We investigated if there were particular chemical features that were most responsible for this bias. Whereas we do not pretend to undertake a comprehensive analysis of particular chemotypes here, a preliminary study may interest some investigators. We identified 871 bits from unfolded fingerprints that occurred in more than 1% of the metabolites or the natural products (there were 174 823 different bits among these molecules before folding). 28 of those bits (functional groups) also occurred in more than 0.5% of the purchasable-GDB database and in less than 0.05% of the GDB database, representing at least a ten-fold bias of the purchasable-GDB relative to the entire GDB. The substructures corresponding to these bits illustrate some of the fragments contributing to the observed bias (Supplementary Table 1 online). For instance, meta-substituted aryl alcohols, such as 3-methylphenol, occur among 1.3% of metabolites, 2.2% of natural products and 0.6% of the purchasable-GDB, but only in 0.006% of the entire GDB. As an aside, notwithstanding the much greater similarity of the purchasable-GDB to metabolites and natural products than the overall GDB, some functional groups were actually under-represented among the purchasable-GDB. Thus, 38 bits occurred in more than 0.5% of the GDB and more than 1% of metabolites or natural products but in less than 0.2% of the purchasable-GDB (Supplementary Table 2 online).
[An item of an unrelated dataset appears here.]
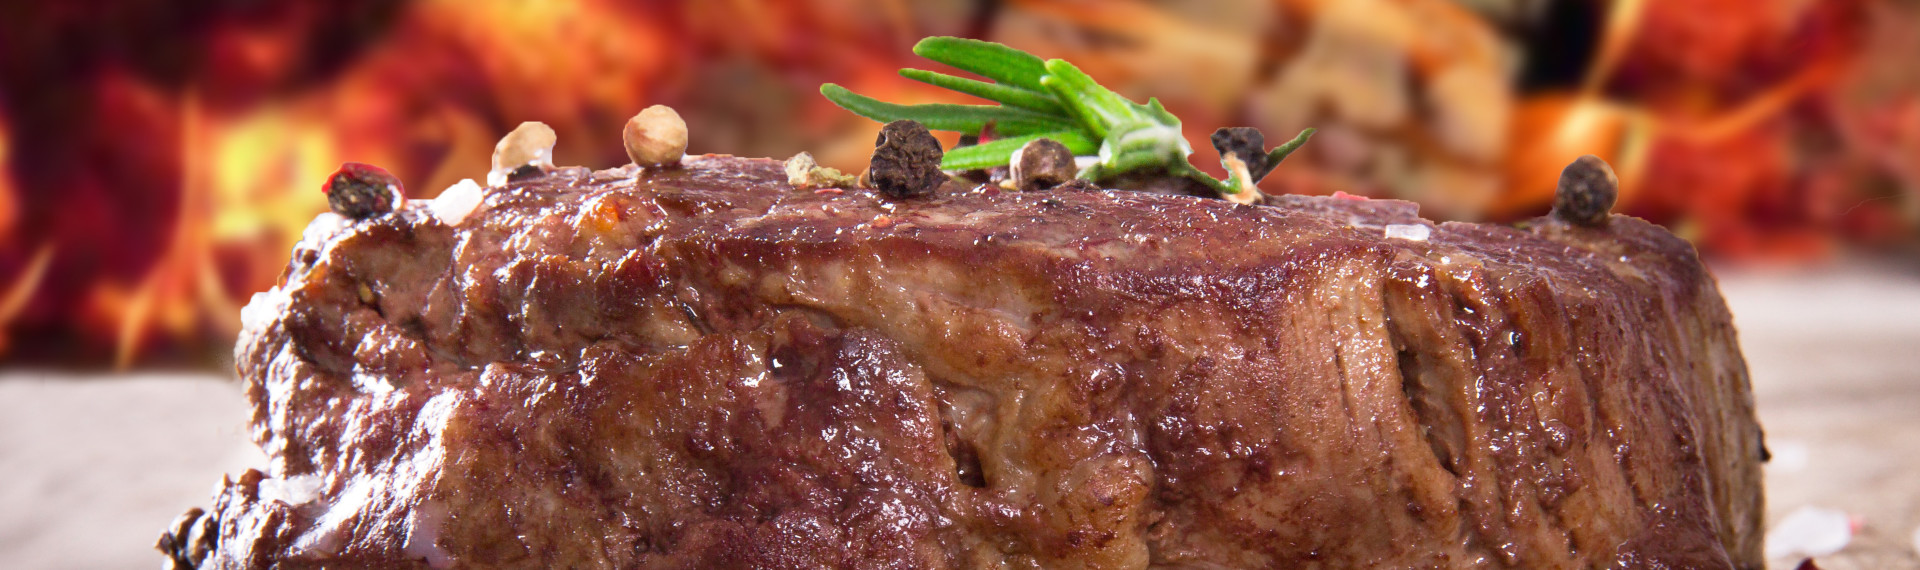 Brasiliansk Rodizio Barbecue - 10 retter og masser af kød!
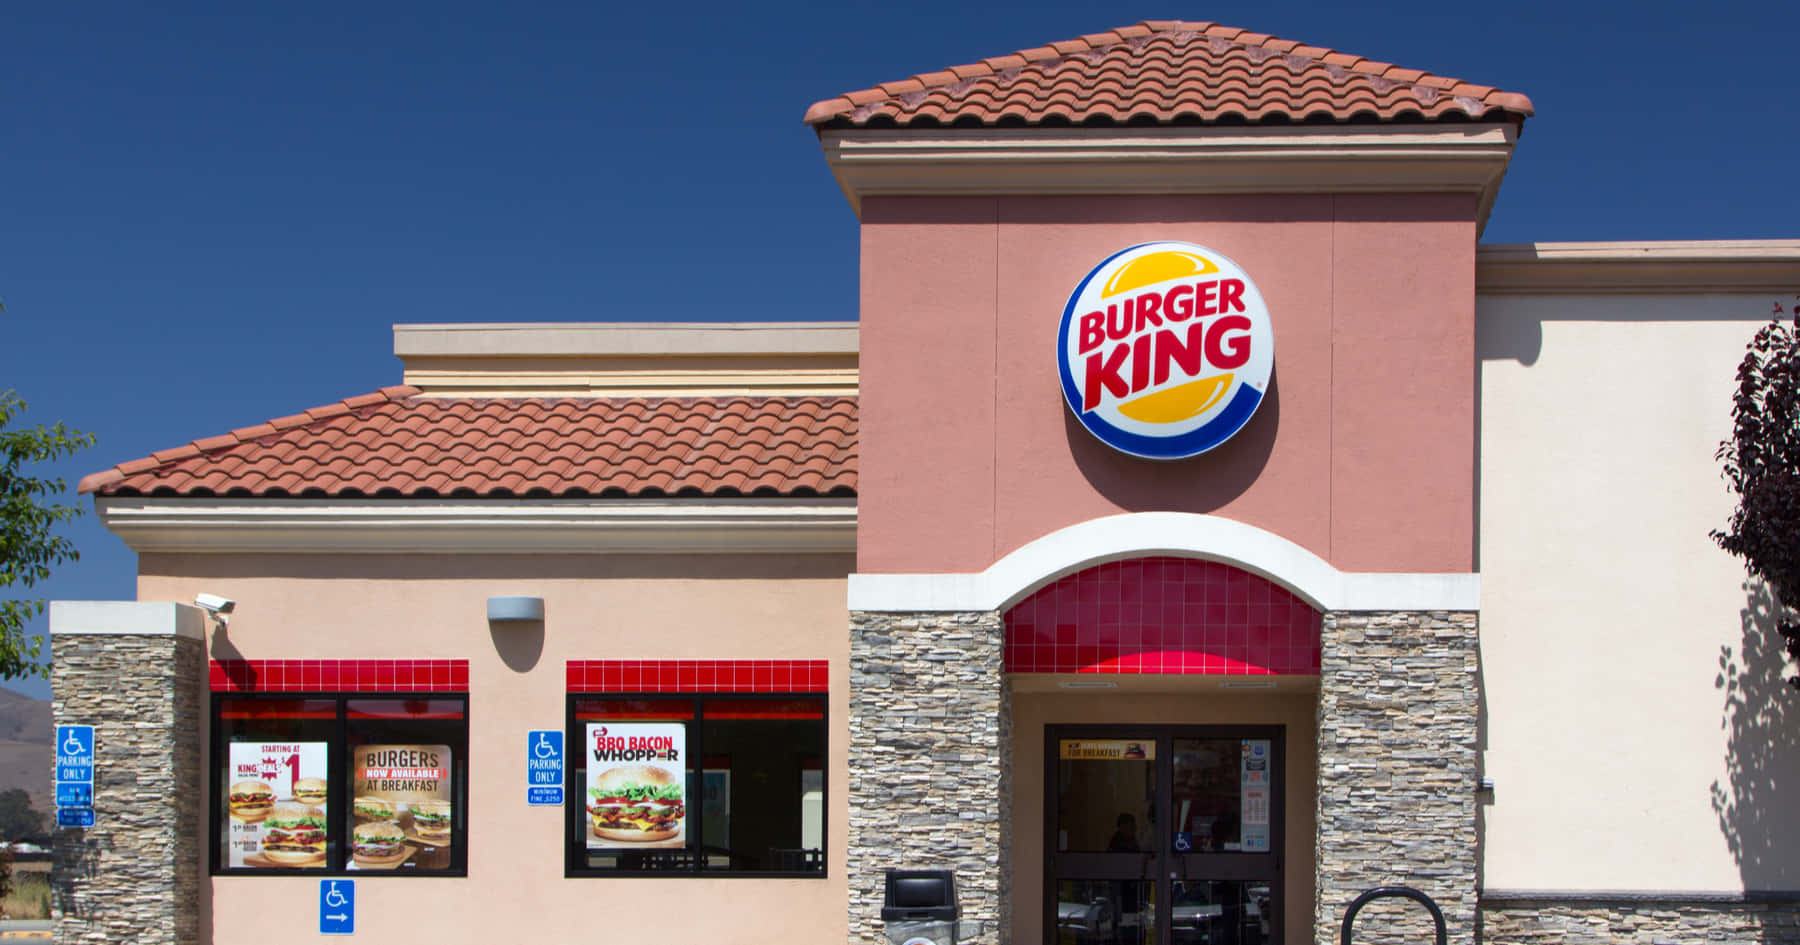 Deliciousaburgaregjorda Med De Färskaste Ingredienserna Väntar På Burger King!

For instance, 1,2-trisubstituted epoxides occur in 2.6% of natural products and 1.7% of the GDB but in only 0.01% of the purchasable-GDB. Were such substructures included in future commercial compounds they would increase the already substantial bias still further.

If it is true that bias towards biogenic molecules contributes to the success of screening, it seems interesting to ask whether this bias might be increased, productively, by adding scaffolds present among biogenic molecules that are currently unexplored in our libraries. We again turned to the metabolites, natural products, and commercially available molecules, this time considering each without limit to molecular size or composition. To find scaffolds present among the two biogenic sets but absent from the commercially available molecules, we represented the molecules by their core rings (Supplementary Fig. 4 online).20 Each core ring scaffold among the biogenic molecules was matched to its counterpart among commercially available molecules, when available. There were 173, 15 637 and 29 496 unique rings among the 2 018 metabolites, 141 985 natural products and 9 131 254 commercially available molecules, respectively. 34 (20%) of the ring scaffolds among the metabolites and 12 977 (83%) of the ring scaffolds among the natural products were unrepresented among the commercial molecules. Even if one restricts this set to molecular weight ≤350 Da and two or fewer stereocenters, there remain 1 891 ring scaffolds represented among natural products that have no counterpart among commercially available molecules, and by extension screening libraries.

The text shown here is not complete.